In contrast, Gil-dong (Yoon Kyun Sang) is less relatable and I don’t think it’s the actor who failed to deliver the character. There’s something missing in the development of the character which causes a disconnection between the viewer and Gil-dong. Till the end his inhuman strength doesn’t really seem to contribute in Gil-dong’s development as a people’s hero, and the growth of Gil-dong from avenging the death of Amogae to becoming a hero who liberated the people from crazy King Yeonsangun (Kim Ji-seok) somehow felt jarring.

Oddly, the other characters have more interesting arcs and character growth, and I really like the alternative perspective that Show came up with for Yeonsangun. His cruelty and unhinged behaviors were presented as it is, but the writer attempted to explain why he became as such and it personifies the historical character whom we usually think is one-dimensionally sadistic. Similarly, Jang Nok-soo (Lee Honey) is no longer the evil temptress as recorded in history but a woman with a sad life who tries her best to survive in the harsh world.

I have to admit I find the Gli-dong’s siblings Gil-hyun (Shim Hee-seob) and Eorini (Lee Soo-min) more interesting as the characters are exposed to a world outside of what they knew of and also away from the Hong clan, giving them more depth and also made their return to their family more memorable. It was a wee bit irritating to have the guess-who-is-Eorini game throughout a good portion of Show and frankly speaking it wasn’t crucial to the plot at all. I did however like that Eorini wasn’t the doe-eyed Ok Ran and she’s still as fiesty as she was before she was brainwashed by Scholar Song and cronies.

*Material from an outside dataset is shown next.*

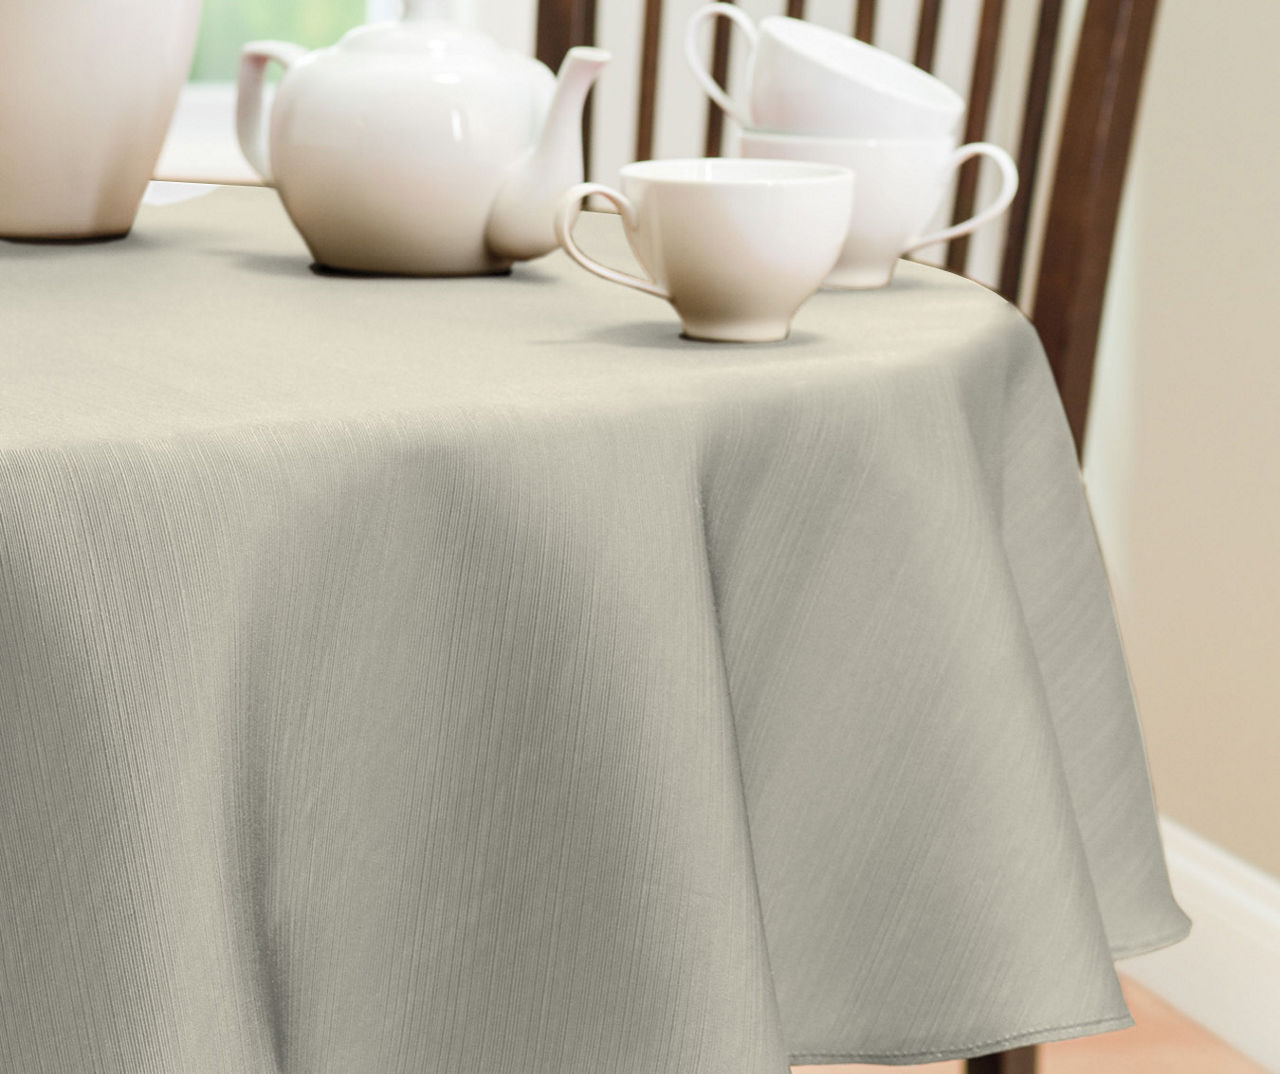 Antique White Round Fabric Tablecloth, (70")

There were quite a bit of fanservice (by sageuk standards) for our OTP Gil-dong and Ga-ryung (Chae Soo-bin) and these scenes were those more light-hearted scenes (other than those with our Hong Clan ahjusshis) in Show. Ga-ryung is as lovely as she is gutsy and I can’t imagine anyone as Ga-ryung other than Chae Soo-bin. Her unwavering belief in Gil-dong is one of the biggest support that he could have, and the scenes of their untimely reunion were kind of heartbreaking (kind of because of course Show will not kill off Ga-ryung!).

While Show may not be perfect it is definitely engaging and it knows how to make the viewers ask for more. If only the writing was more tight and better paced, but I guess it’s too much to ask for a perfect sageuk? Coupled with a catchy OST, I like what we had – a reimagination of Hong Gil-dong and his people.